Thursday, May 03, 2007

Leaf Tutorial





Over at one of my favorite groups, CQI, there has been discussion on how to make fly leaf and feather stitch leaves. I made a stitched sample of both and sent them off to a friend in need and then thought I would post a little graphic version of how to make these leaves for everyone here! Sooo, here we go!


First it is easier if you draw an approximation of the shape of the leaf that you would like to fill. It simply helps with locating your stitches more evenly. The first graphic is the fly stitch. You will bring your needle to the top of the fabric at A then down at B. Leaving the thread loose, come at C and catch the loop of thread, and go back down close to the same location you came up at, at C. I tend to work left to right with my fly stitch. If you work from right to left, please just flip flop the directions! Next, come up at D, just above A and repeat the stitch again. When you take the needle back down after catching the loop, try to place the straight stitch as close as possible in the joint of the previous stitch. Continue filling your leaf in the manner. Remember that as you draw closer to the tip, the stitches will be closer together. When you have filled the leaf with enough fly stitches, you can either complete the tip with a single long straight stitch as I have done in this example or you can place a small fly stitch with the two tips virtually side by side in the space. Totally up to you and the effect you would like to see! Another option is to place a bullion stitch at the tip for a bit of dimension!

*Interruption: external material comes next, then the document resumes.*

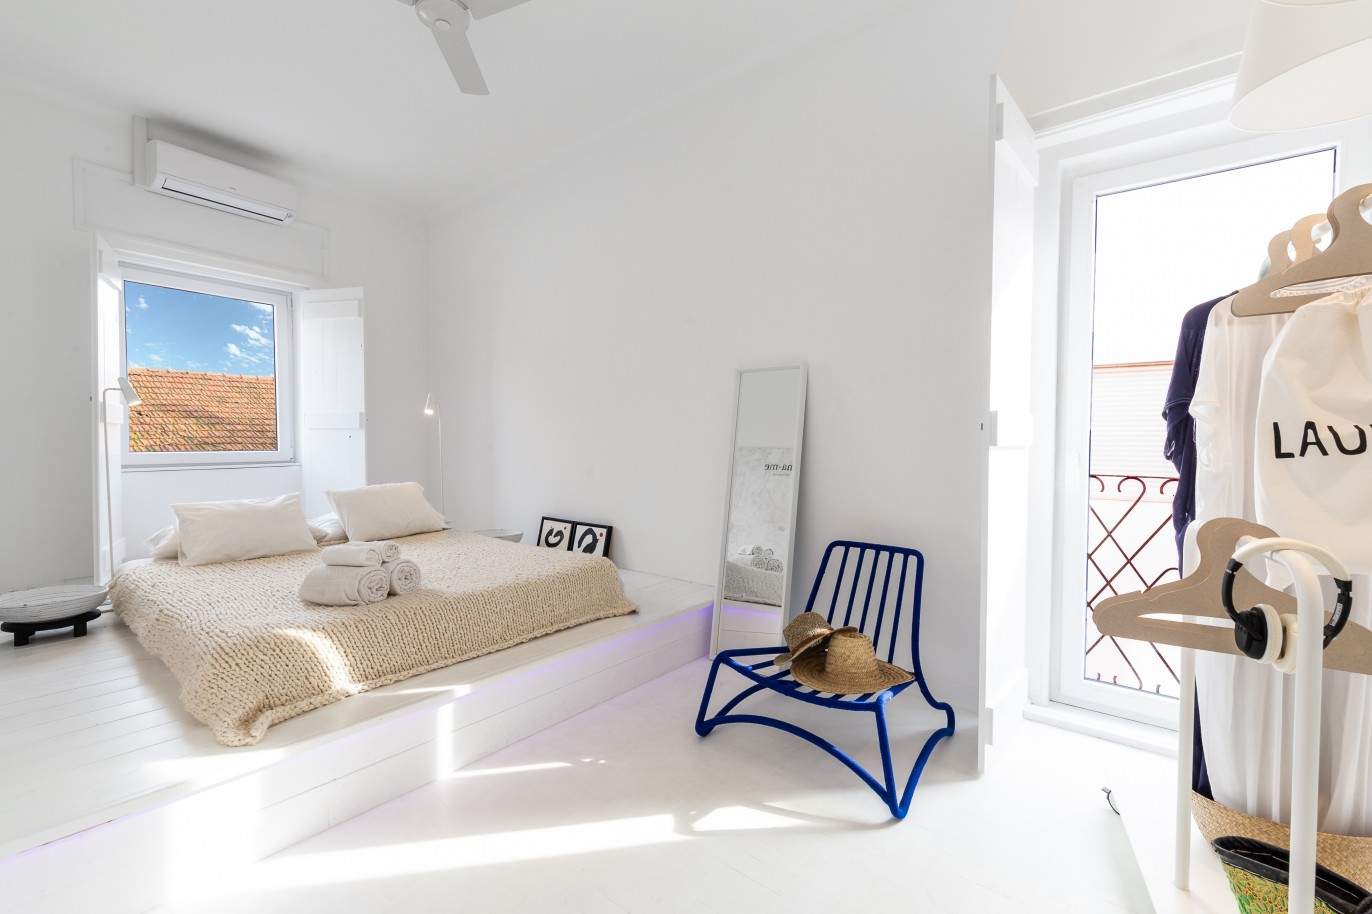 6 Bedrooms luxury villa for sale in Portimão, Algarve_208965

Next, is the feather stitch leaf! Again, for an easier time, it is best to draw the shape of the leaf that you want to work in until you have become accustomed to creating the leaves. It actually is very similar to the fly stitch except the stitch that catches the loop is set at an angle and begins the next leg of the stitch. So, bring your needle up at A and down at B, being sure to leave the thread slack. Also, with this stitch, we are starting at the top of the leaf, not the bottom so place your two legs more closely together, making a smaller stitch and progressively grow your stitches as you reach the middle. Then you will reverse the process to complete the bottom. Come back up at C, catch your loop and proceed to the left to take your needle back down at D which will be parallel with the joint of the stitch, but set to the side enough to create a separate stitch. Leaving the thread slack, come back up at E, catching your loop and moving over to the right to place your thread just as you did for the previous stitch. Continue to fill the leaf until you are content with how it looks. If you prefer, you can place a small straight stitch on the bottom stitch to extend the stem and create a more life like appearance.


This is a fairly brief explanation. If any one has questions that I can answer,I would be more than happy to help at any time! Enjoy!!





2 comments:

Sharon said...

Leslie thank you so much. i am going to try your instructions. I will post to you when i have a decent set to show...thanks again.

BöskeZ said...

You allways have the perfect words to explain things.